- [PROBLEM TO SOLVE]:
Set down every record below exactly as written, but leave out the pictures.
*** Opening TASK DATA ***
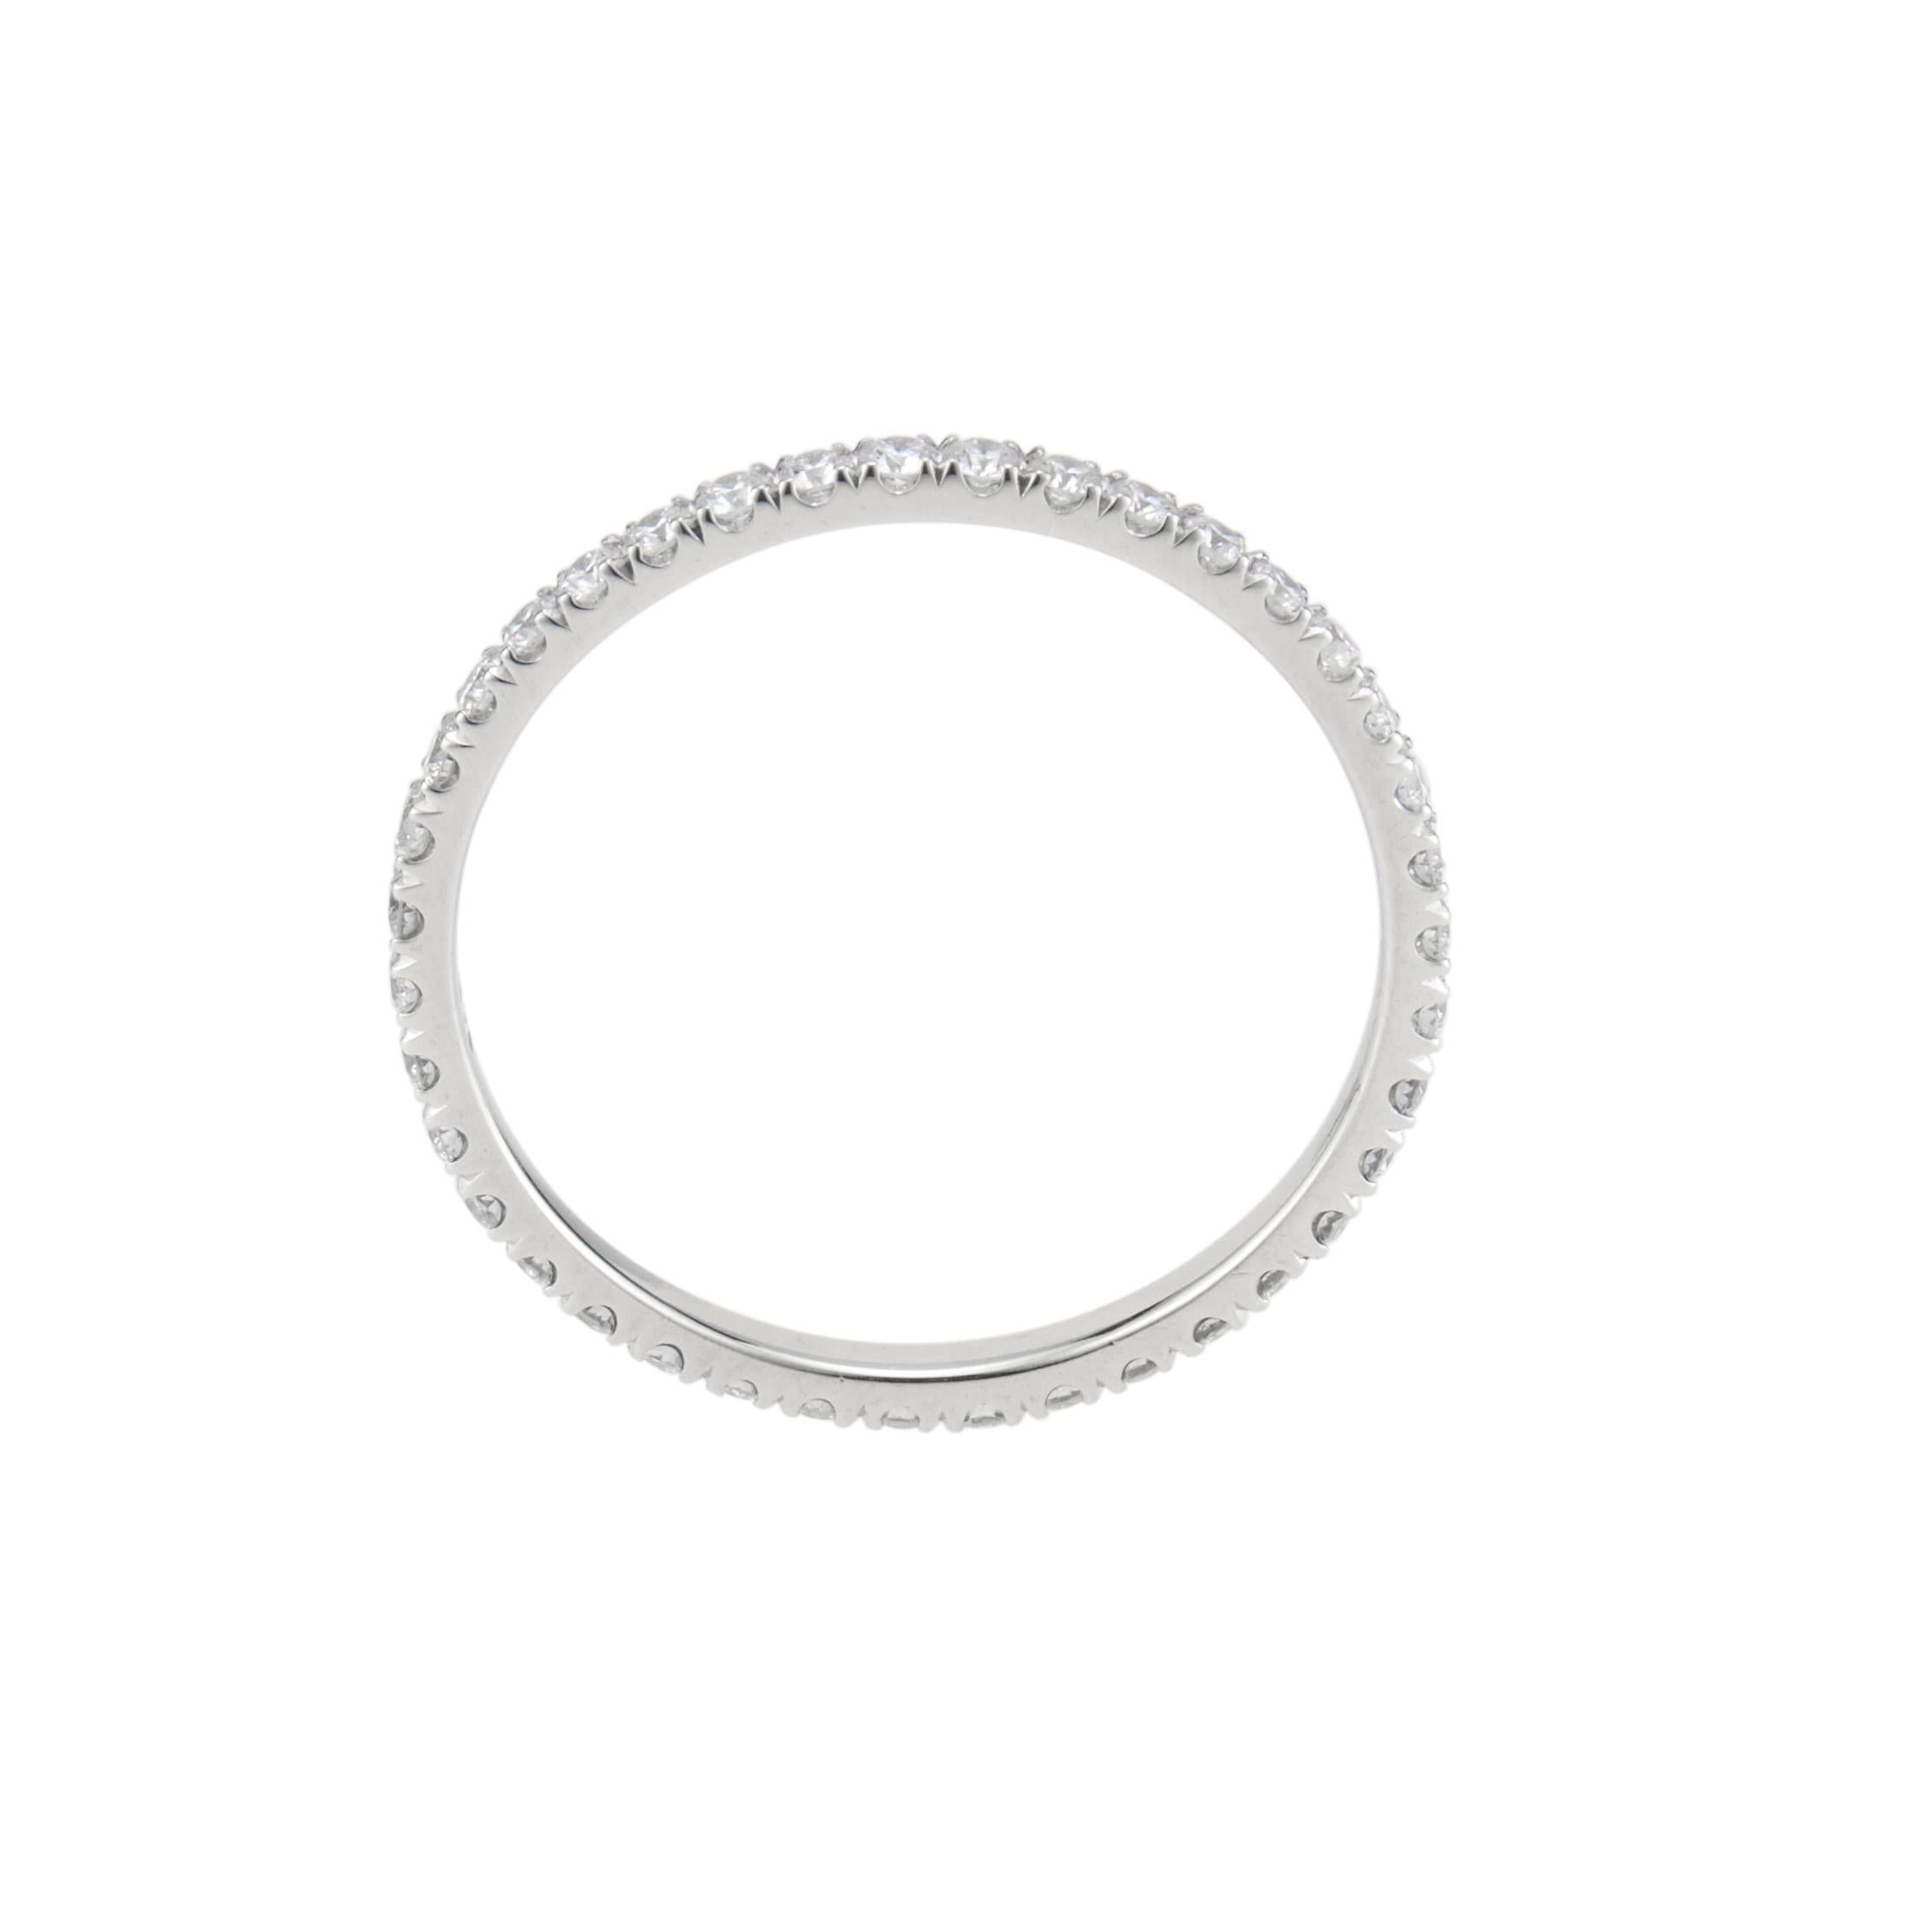 Eternity band wedding ring with .38 carats of bright full cut diamonds in 14k white gold setting. 

38 round brilliant cut diamonds, G VS approx. .38cts
Size 5 and not sizable 
14k white gold 
Stamped: 14k
.8 grams
Width at top: 1.45mm
Height at
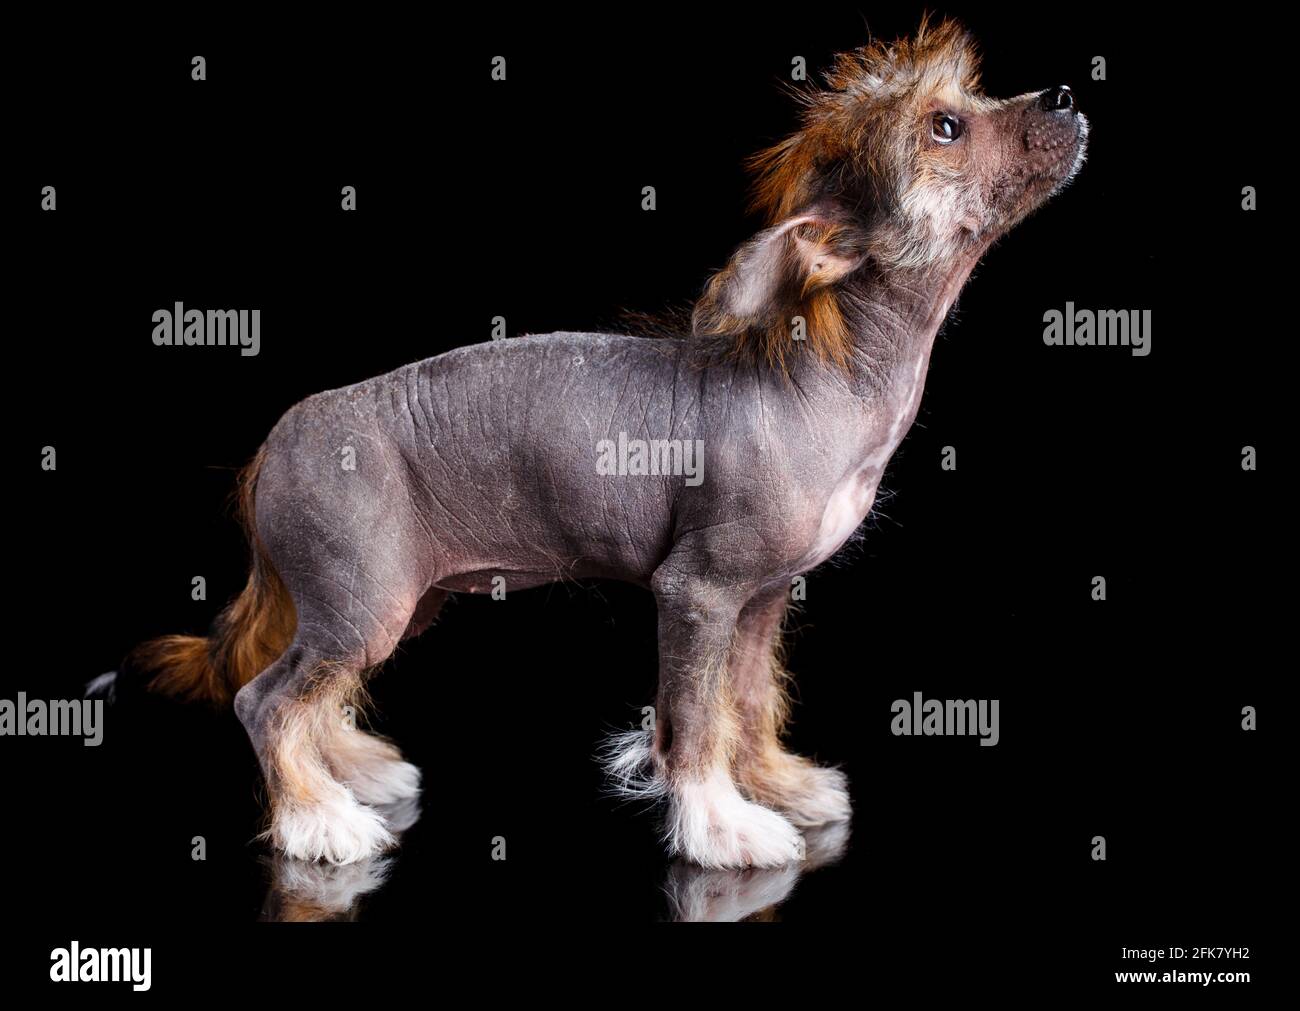 Little cute Chinese Crested puppy stands sideways to the camera and looks up at the black background. Stock Photo
*** Closing TASK DATA ***
- [YOUR SOLUTION]:
 Eternity band wedding ring with .38 carats of bright full cut diamonds in 14k white gold setting. 

38 round brilliant cut diamonds, G VS approx. .38cts
Size 5 and not sizable 
14k white gold 
Stamped: 14k
.8 grams
Width at top: 1.45mm
Height at
 Little cute Chinese Crested puppy stands sideways to the camera and looks up at the black background. Stock Photo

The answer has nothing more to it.